App-level SSRF guard: static host check + DNS-resolution check (blocks hostnames resolving to private IPs, IPv4 + IPv6).
API key via process.env.OGPROXY_API_KEY with inline fallback.
Client (NodeBB ACP):
:not(.og-processed) on every selector; og-processed class set before the AJAX call so a link is never re-scraped whether it succeeds or fails (root-cause fix for hammering); the generated card’s <a> carries it too.
ignoredHosts now uses bare hostnames and shouldIgnoreDomain compares against the browser-resolved hostname (reliable for relative and absolute hrefs), reliably excludes forum-internal links and the proxy’s own subdomain (no more self-scraping).
isFileUrl strips query string / fragment before testing the extension, so image.png?ssl=1 is detected as a file and not sent for preview.
Result
~5 GB spikes → stable ~25 MB. Hammering gone (each URL appears at most once).
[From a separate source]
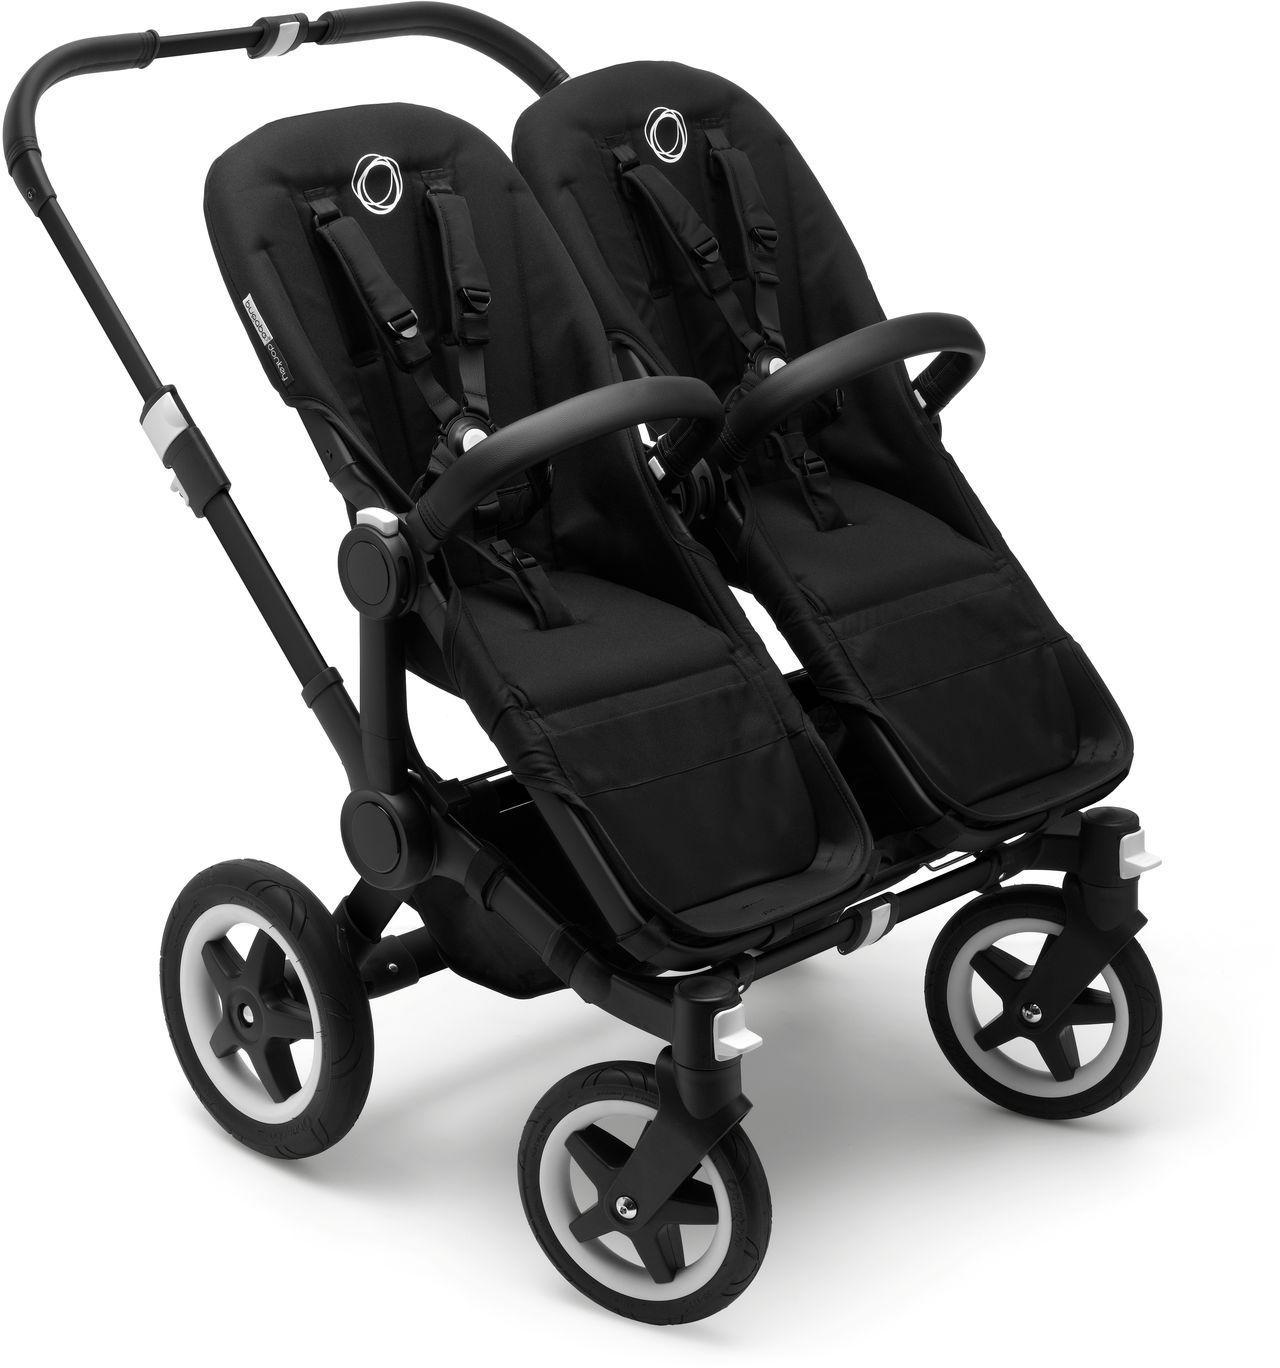 donkey 2 twin kinderwagen set komplett schwarz schwarz bugaboo kleine fabriek. Black Bedroom Furniture Sets. Home Design Ideas

Redirect/timeout failures dropped sharply. SSRF closed at both app and kernel level.
Client server contract (unchanged, do not modify ACP response handling)
Server returns the native ogs object on success → data.result / data.html reach the client intact. Failures return HTTP ≥ 400 → handled by the client’s error: callback. The internal __ogproxyFail negative-cache marker never reaches the client. Preview card images (og:image) are unaffected, the isFileUrl change only affects direct-image links, not the images shown inside cards.
Expected remaining failures (not bugs)
Some sites return 400/500 no matter what: Facebook, Reddit (blocks unauthenticated scraping), press sites with cookie/WAF walls, fb.watch (redirect chains > 3), and direct image links with no extension in the path (ogs correctly rejects non-HTML). These degrade gracefully, link stays clickable, negative-cached, never re-scraped. Decision: leave as-is; chasing each anti-bot site isn’t worth fragile workarounds or extra load.
Optional follow-ups (no urgency)
Move the API key fully to the env var (it’s already browser-exposed client-side, so not a real secret, but avoids duplicating it in source).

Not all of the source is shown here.